- [Task to complete]
The answer is the full listing below, copied exactly, with its pictures omitted.

- [Data block]
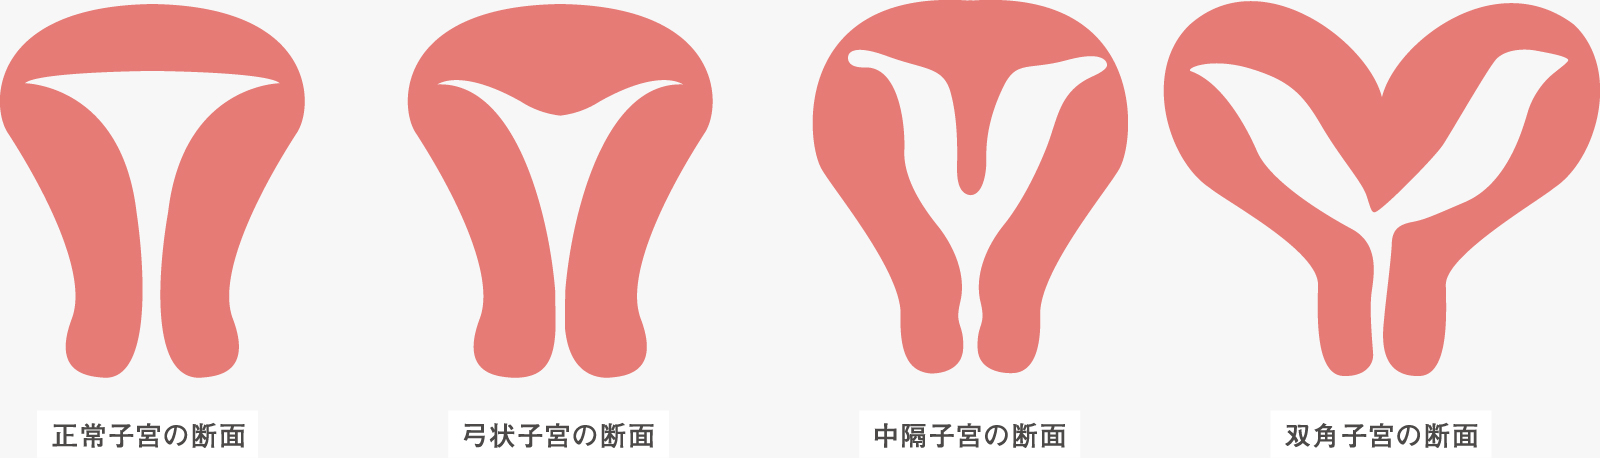 正常子宮の断面, 弓状子宮の断面, 中隔子宮の断面, 双角子宮の断面
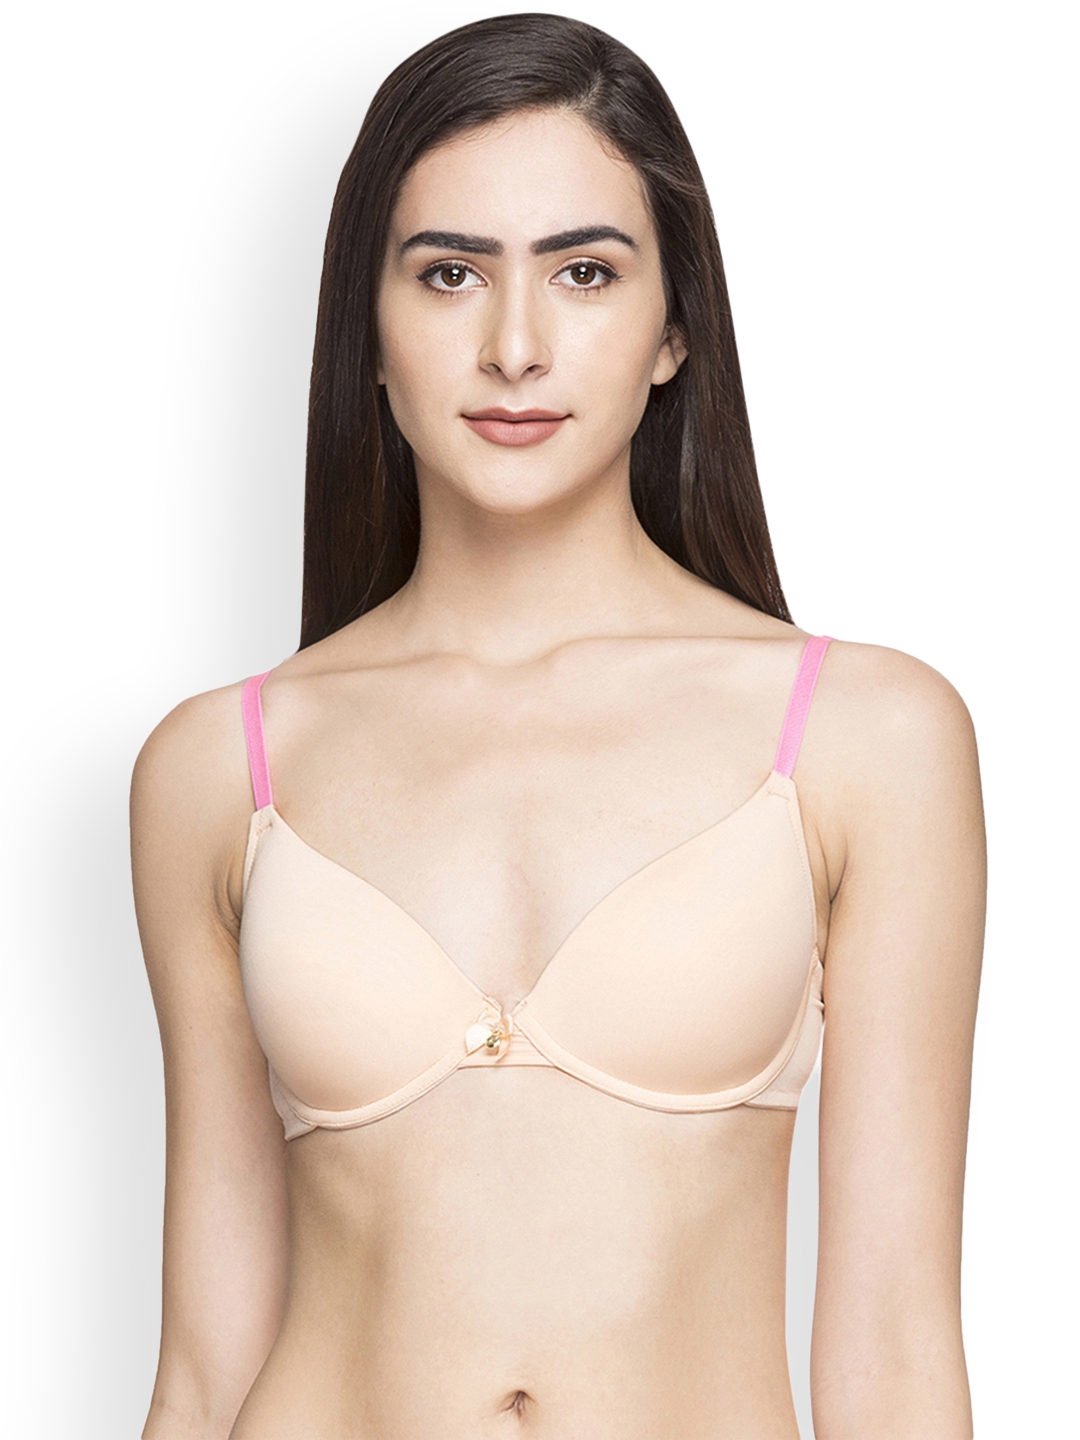 Buy Sonari Violet Women's T-shirt Bra - Nude (34B) Online
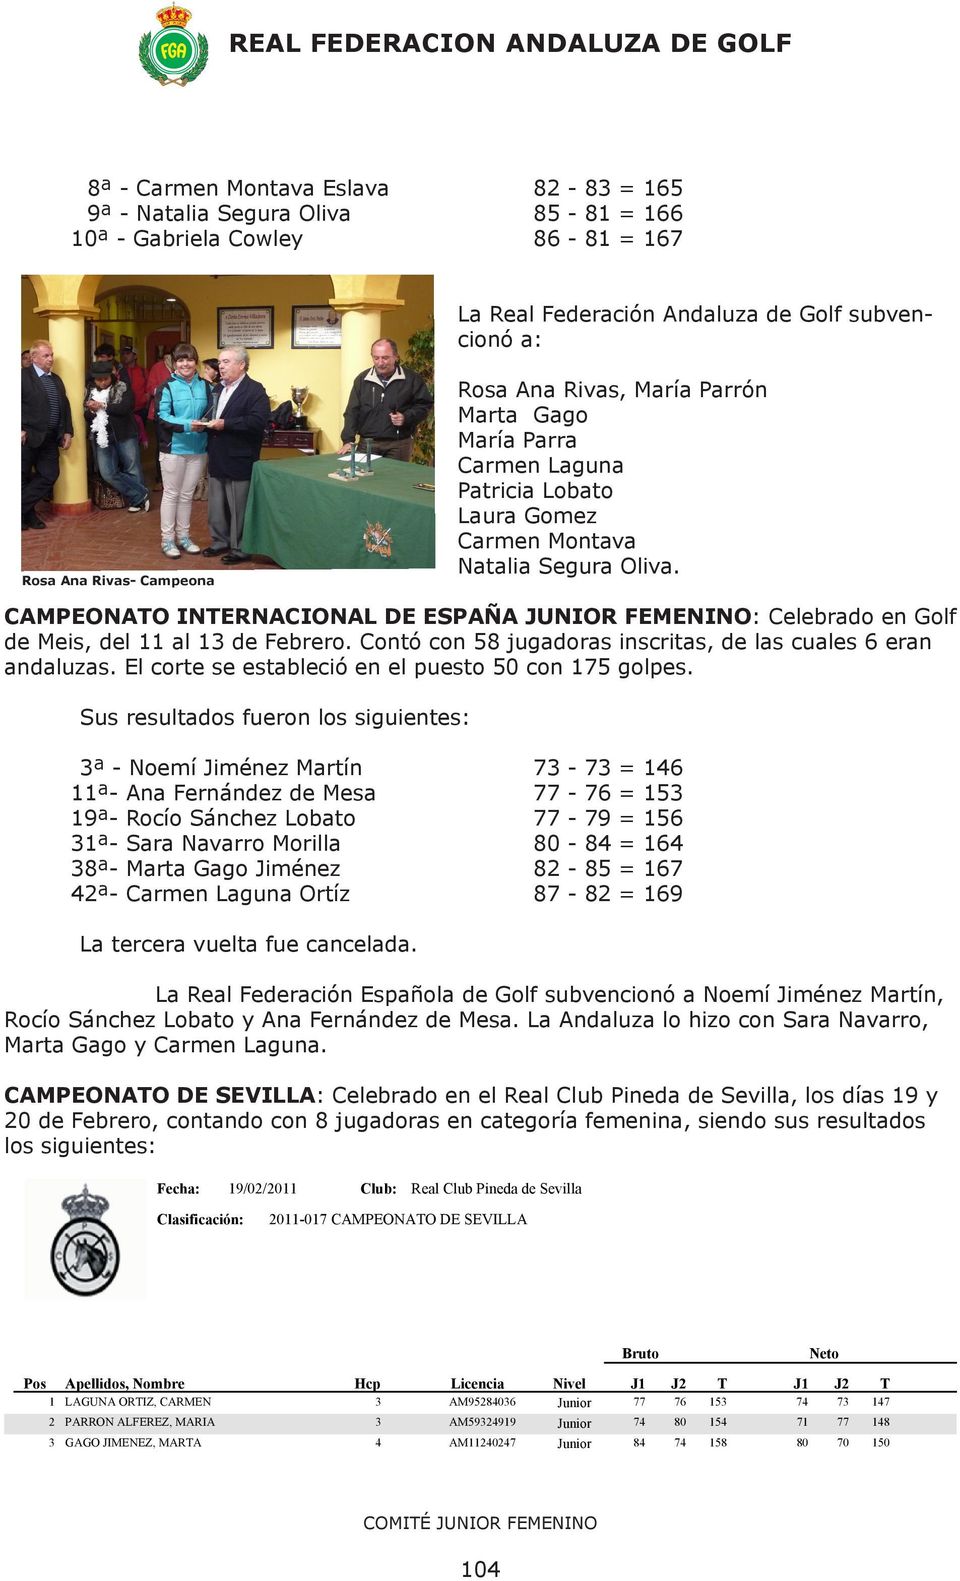 CAMPEONATO INTERNACIONAL DE ESPAÑA JUNIOR FEMENINO: Celebrado en Golf de Meis, del 11 al 13 de Febrero. Contó con 58 jugadoras inscritas, de las cuales 6 eran andaluzas.
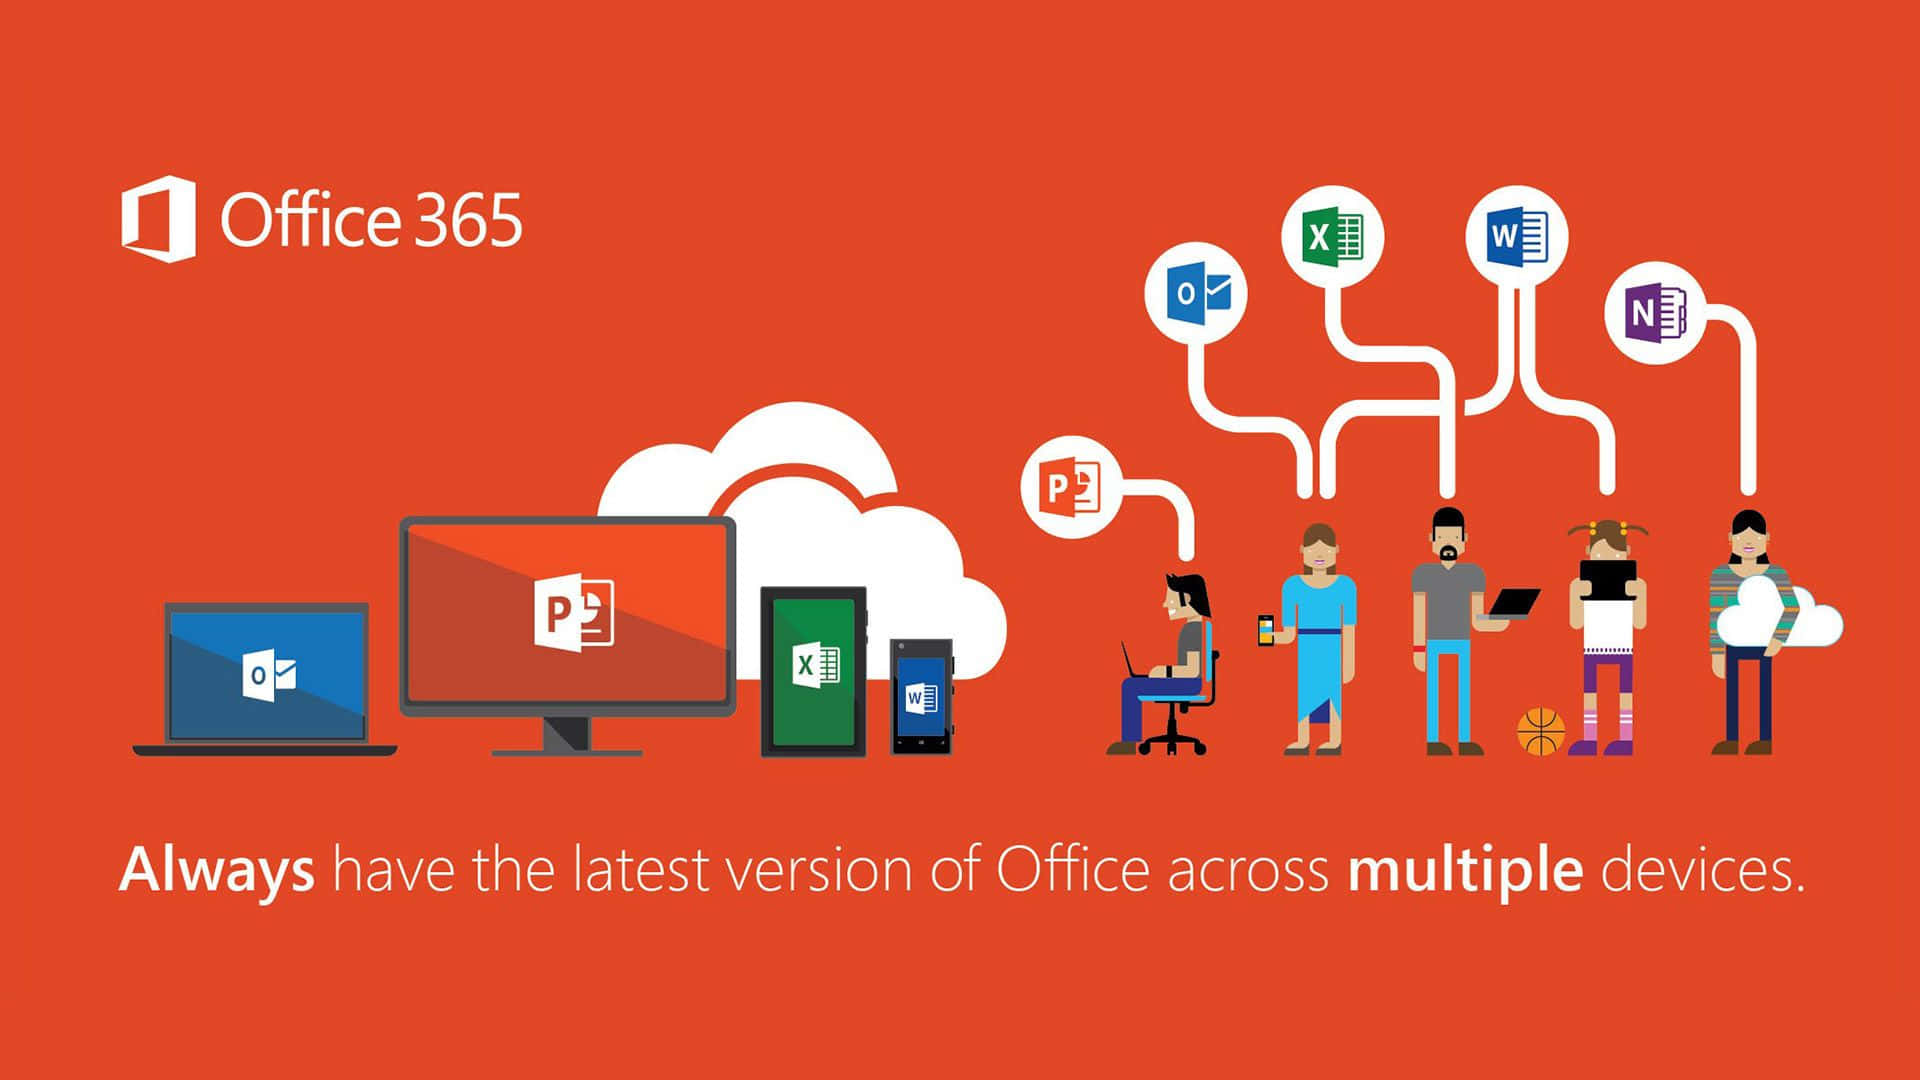 Øgproduktiviteten Med Office 365.

- [Result]
 正常子宮の断面, 弓状子宮の断面, 中隔子宮の断面, 双角子宮の断面
 Buy Sonari Violet Women's T-shirt Bra - Nude (34B) Online
 CAMPEONATO INTERNACIONAL DE ESPAÑA JUNIOR FEMENINO: Celebrado en Golf de Meis, del 11 al 13 de Febrero. Contó con 58 jugadoras inscritas, de las cuales 6 eran andaluzas.
 Øgproduktiviteten Med Office 365.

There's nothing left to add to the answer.